10:20 a.m.: I examine the server event logs for clues.
I asked the IT person whether he could send me the server's System and Application event logs, SQL Server event logs, and perhaps a snapshot of Task Manager. He emailed them to me at 10:40 a.m.
I opened the logs and looked at the System log first. The first thing I saw was a bright red streak of Event ID 2019 errors flashing on my laptop screen: The server was unable to allocate from the system nonpaged pool because the pool was empty. Then, in the Application log, I saw Event ID 208. This error fingered the Great Plains application as part of the problem.
In the SQL Server event log, I saw the Event ID 17052 error. And finally, in the Task Manager snapshot, I got a little more information about the Event ID 2019 error, as Figure 1 shows.
I looked in the Microsoft Help and Support Knowledge Base and found an article at http://support.microsoft.com/?kbid=888928 that showed that the Event ID 2019 error might be related to having McAfee VirusScan installed on the server. McAfee VirusScan was, in fact, on the server, and the vendor had a hotfix for the problem. I notified the local IT support person, who downloaded and quickly applied the hotfix and rebooted the server. Alas, the hotfix failed to stop the resource bleeding.
11:30 a.m.: En route to the client's site, I find a fruitful lead.
Finally I persuaded the client to let me investigate the problem on site. To pass time during my drive to the client's site, I listened to a CD; no, not Pink Floyd or Willie Nelson, but Mark Minasi's Tuning Your Windows 2000 Servers. While perusing the event logs, I'd been mulling over memory leaks and how to find them. On the CD, Mark talks about memory and mentions "leakers"—programs that allocate a file handle every few seconds. By itself, the file handle doesn't use much memory, but the repeated allocations gradually use up a great deal of it.
1:15 p.m.: I find the source of the problem.
When I arrived at the site, I met the IT support person, who ushered me into the server room. I opened Task Manager on the server and customized the view by adding the User Name, Paged Pool, Non-paged Pool, Handle Count, and Thread Count fields. I clicked OK, then maximized the Task Manager window and sorted by file handles.
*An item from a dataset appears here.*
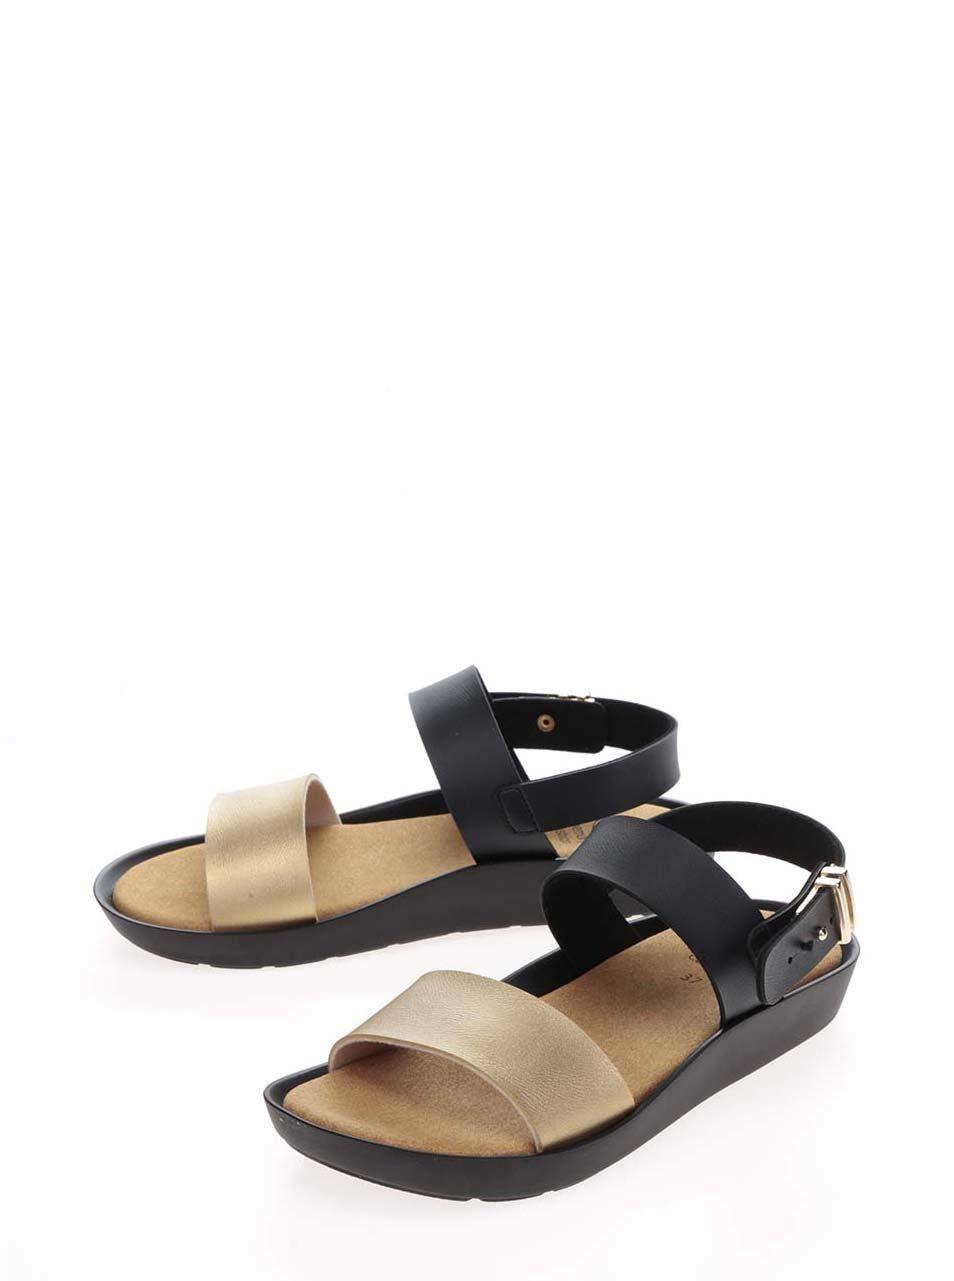 2077f9db94a8 Čierne dámske zdravotné sandále s detailom v zlatej farbe Scholl Mamore ...

On my Windows XP laptop, svchost.exe uses 1424 handles and outlook.exe uses 1333 handles. Running on the client's server, however, I found an applet associated with sending messages from the onboard SCSI card. That program had used 700,000 file handles since it had been rebooted 10 minutes before—and the file-handle count continued to climb.
I did a quick Google search on the filename of the errant program, and my results showed that many people were having problems with this file and certain motherboards. This added further evidence that we'd found the problem. Earlier, I'd told the Great Plains consultant that I suspected a memory leak. As I stared intently at Task Manager, I exclaimed, "Well, I guess we found our 'leaker'!"
1:45 p.m.: I bring the "crouching server" back to life.
The final step was to fix the rogue program so that it no longer created file handles ad infinitum. Although the server hardware was under warranty, its service level agreement (SLA) didn't cover onsite support. The server housed sensitive financial information, so moving it off site for service wasn't an option.
My alternative (and easier) solution was to modify the registry entries for the applet. I ran regedit, found the applet's launch areas in the registry, and made changes to the registry subkeys related to the applet (HKEY_LOCAL_MACHINE\SOFTWARE\Microsoft\Windows\CurrentVersion\Run) to prevent the applet from running when the server was rebooted.
Finally, I rebooted the server, and the problem vanished. The administrator signed my time sheet and wished me well. As I drove back to the office, I put my trusty Windows technical CD back in the player. For me, it was just another day of tracking down technical problems, dispelling customer qualms, and relearning something interesting about Windows.